# xDelivery Data Analyst Challenge

### Background Info:

At a very high level, X provides a solution for retail and non-retail shippers who need a way to get their packages from their warehouses to their customers. We partner with three categories of businesses:

- Freight and Last Mile carriers (the former being responsible for dropping off bulk packages to a sortation facility or last mile inject facility anbd the latter responsible for delivering the ordered parcels to the end customer)
- Sortation centers (who receive bulk packages in a shipment then “sort” them onto trucks bound for different last mile carrier facility)
- Airline Cargo

We currently classify carriers into first and middle mile, or pick up from the client’s warehouse and deliver to a sortation center and/or to the last mile carrier facility, and last mile who are responsible for getting the package to the end customer.

### Prompt:

We are currently in the discovery phase of finding underperforming vendor partners. Unfortunately we only have the datapoints in the attached dataset.

### Some key points:

- We currently have a nationwide delivery SLA (service level agreement) of five business days (excl. postal holidays and weekends).
- For the purposes of this exercise, we have not included Airline cargo data.
- A typical successful delivery path goes one of two ways:
    - client > sort facility > last mile carrier > end customer
    - client > last mile carrier > end customer


### Questions:

- Are we meeting our nationwide SLA for all of our customers? Please provide any visualizations / charts that may help illustrate your findings.
- Are there any high-level recommendations you can make given the data provided?
- What are some other recommendations you could make, not necessarily related to the service level agreement, with the given data
- What are some analyses you would like to make but can’t with the current data?

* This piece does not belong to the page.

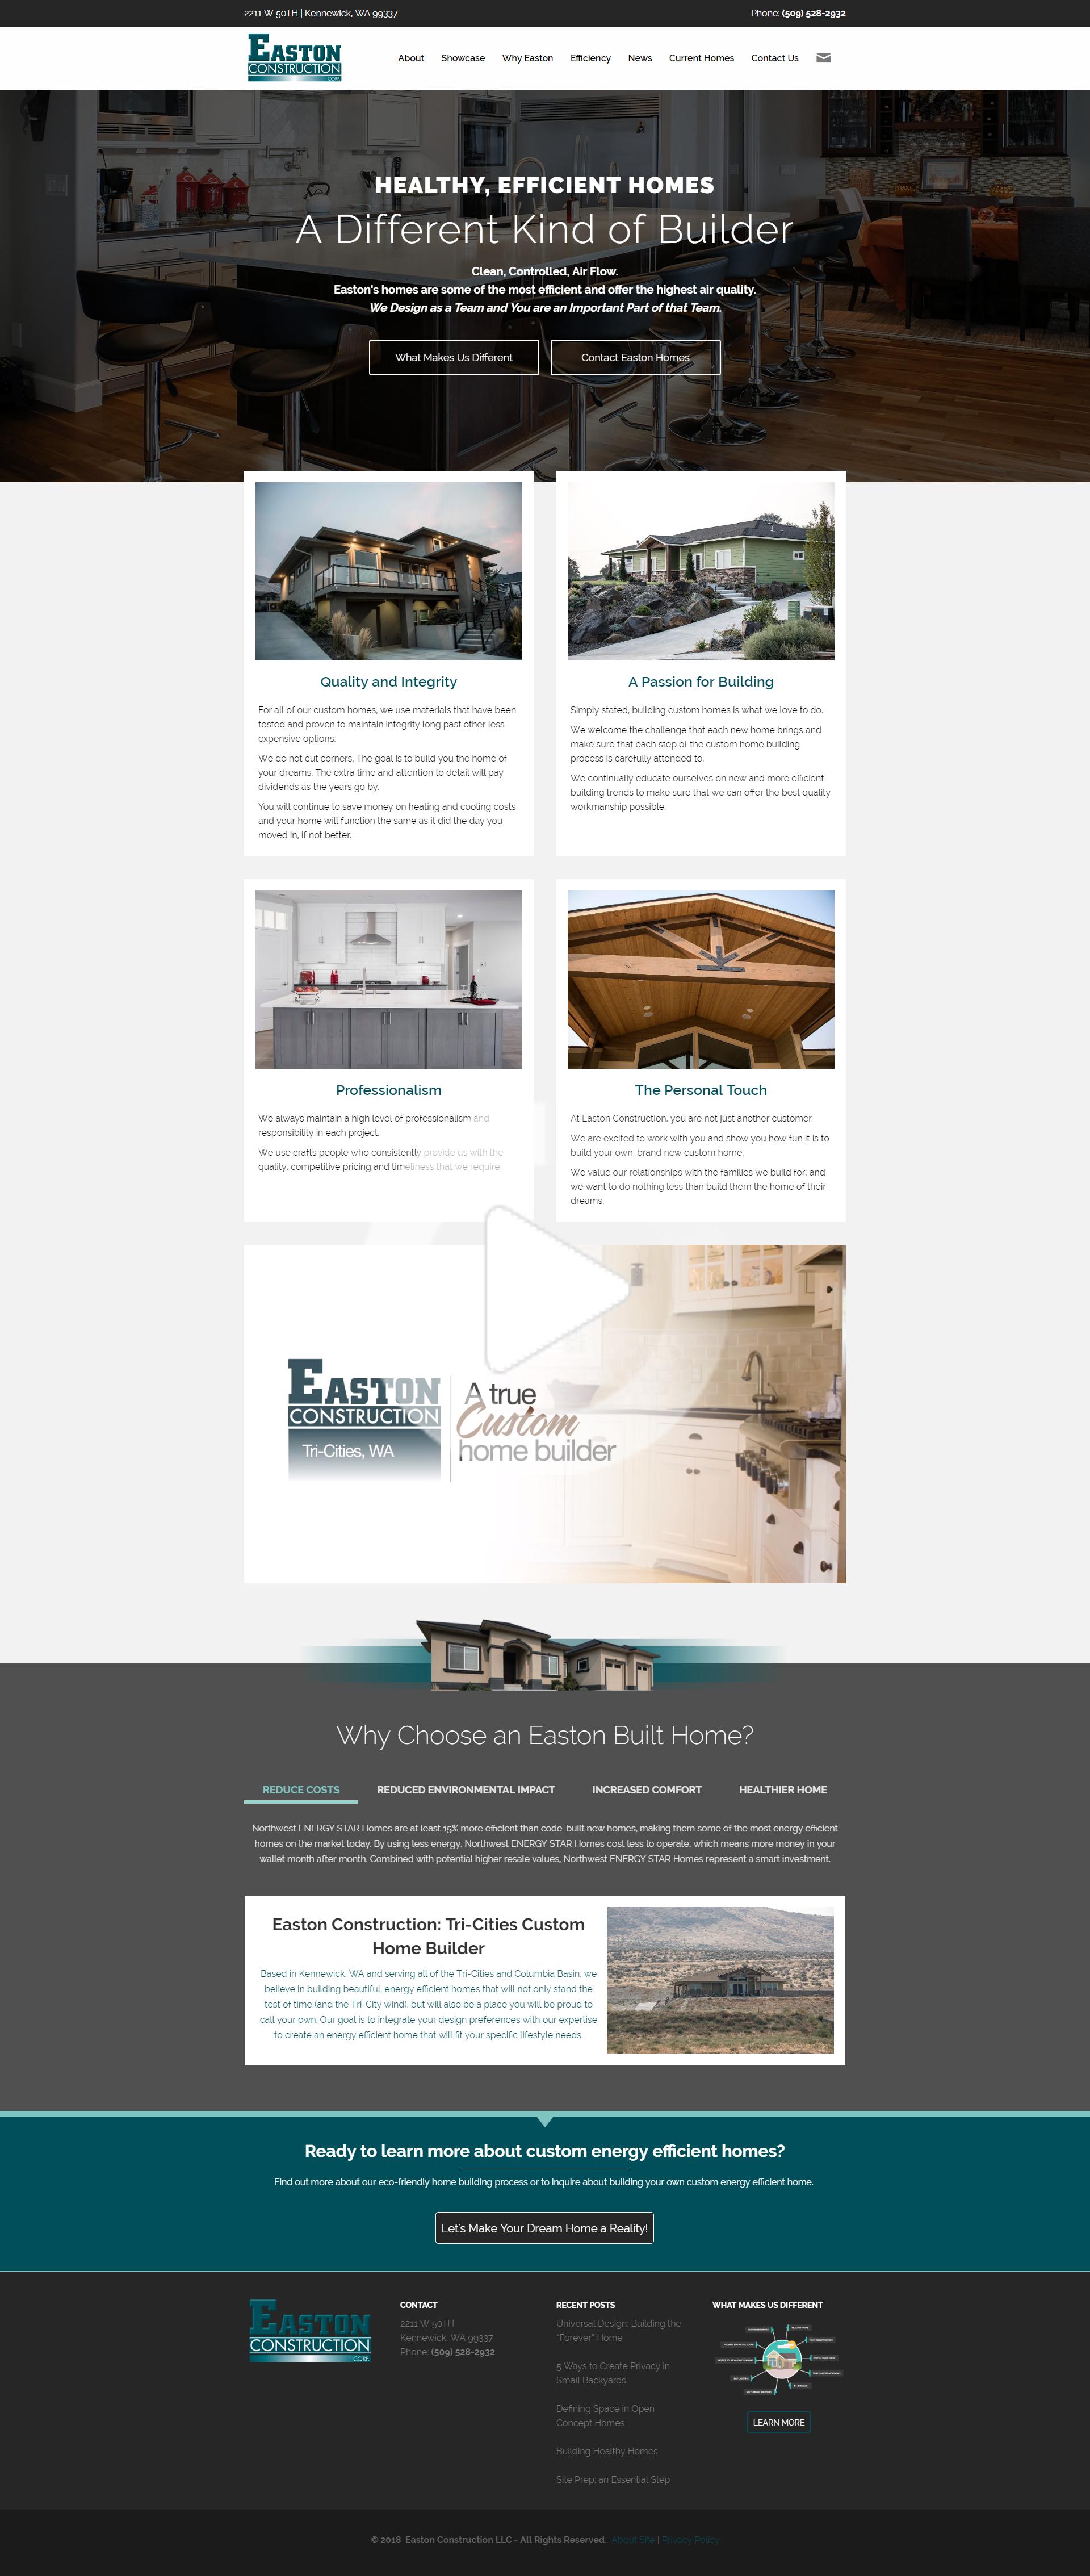 Construction Website Design In 2020 Real Estate Website Design Digital Marketing Design Portfolio Web Design
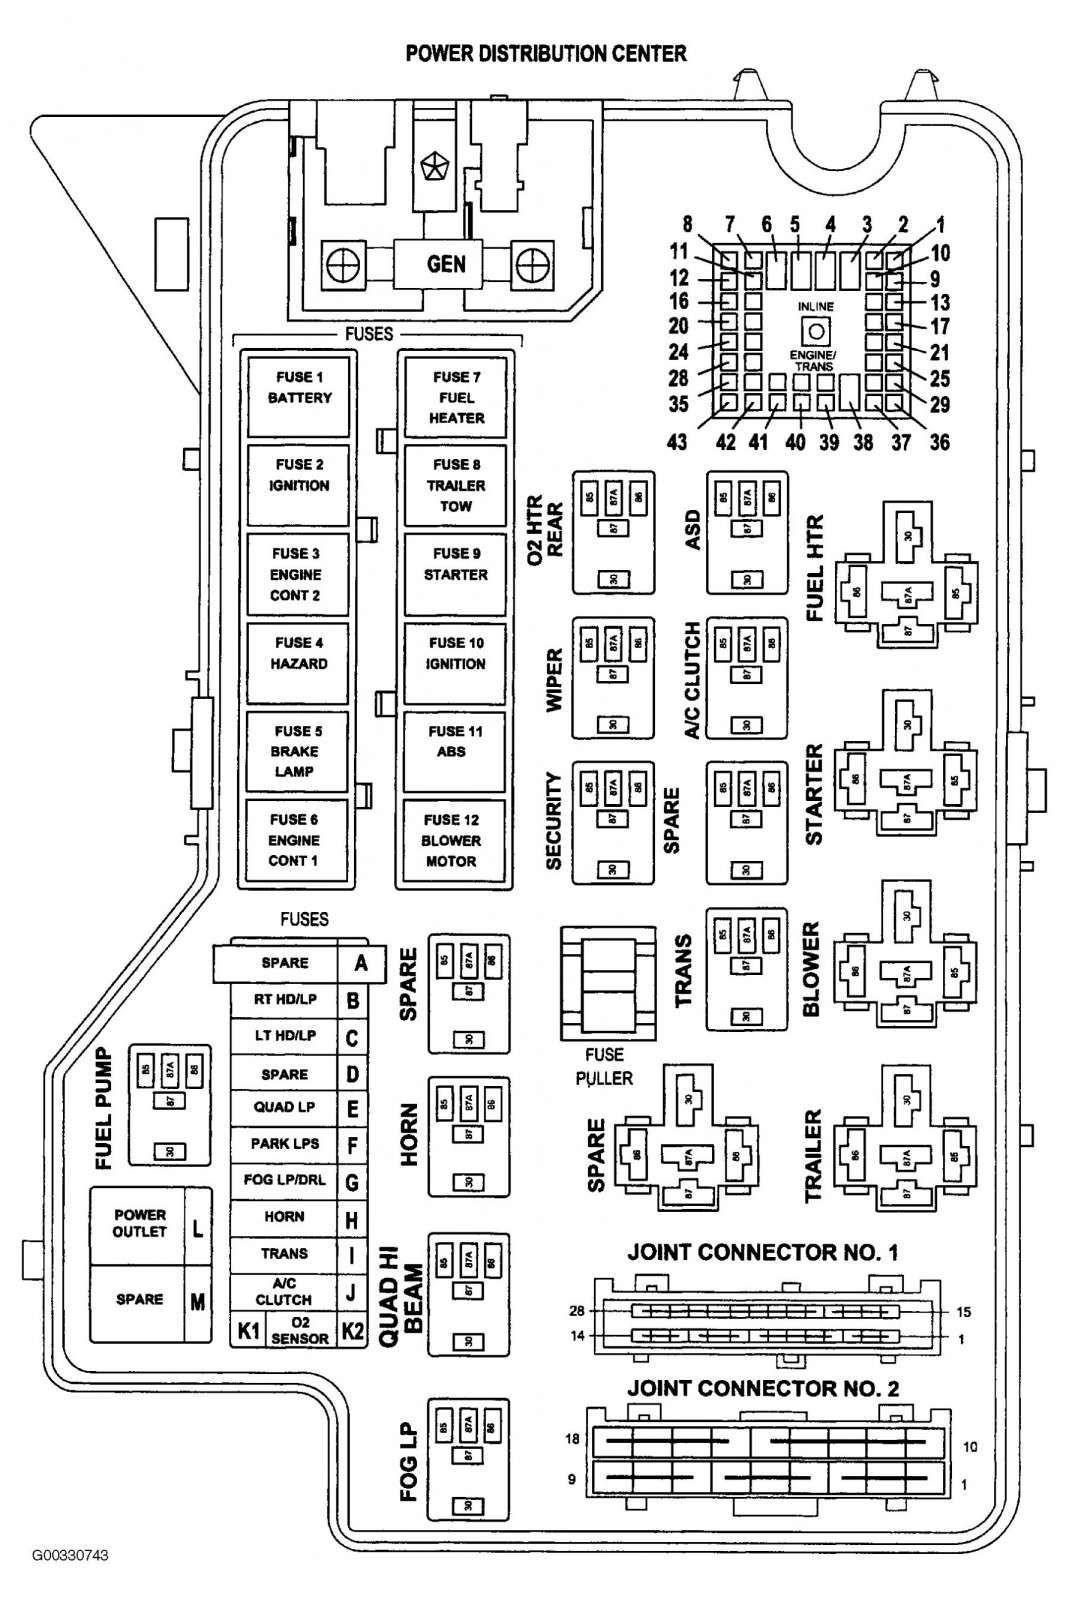 Dodge Ram Tail Light Wireing Diogram

What datapoint would you find helpful to include?

In [110]:
import pandas as pd
import numpy as np
import matplotlib.pyplot as plt
import plotly.express as px

In [111]:
# load data
data_path = r"C:\Users\kisha\Documents\projects\scientificProject\xDelivery_challenge\data\analyst_data_challenge.xlsx"
data = pd.read_excel(data_path, sheet_name='data')
# data.head()

## Total Number of Parcels Per Organization
> This metric shows which organization demands more logistical resources.
#### Top 5 Organizations
1. BuiltBar
2. Turning Point Brands
3. Electric Tobacconist
4. Savvi
5. Demand Group

#### Bottom 5 Organizations
1. Glas Inc
2. EightCig
3. Mad Vapes
4. Designer Brands - DSW
5. Windship Trading

In [112]:
# get total shipments per organization
data['Organizations Name'].value_counts()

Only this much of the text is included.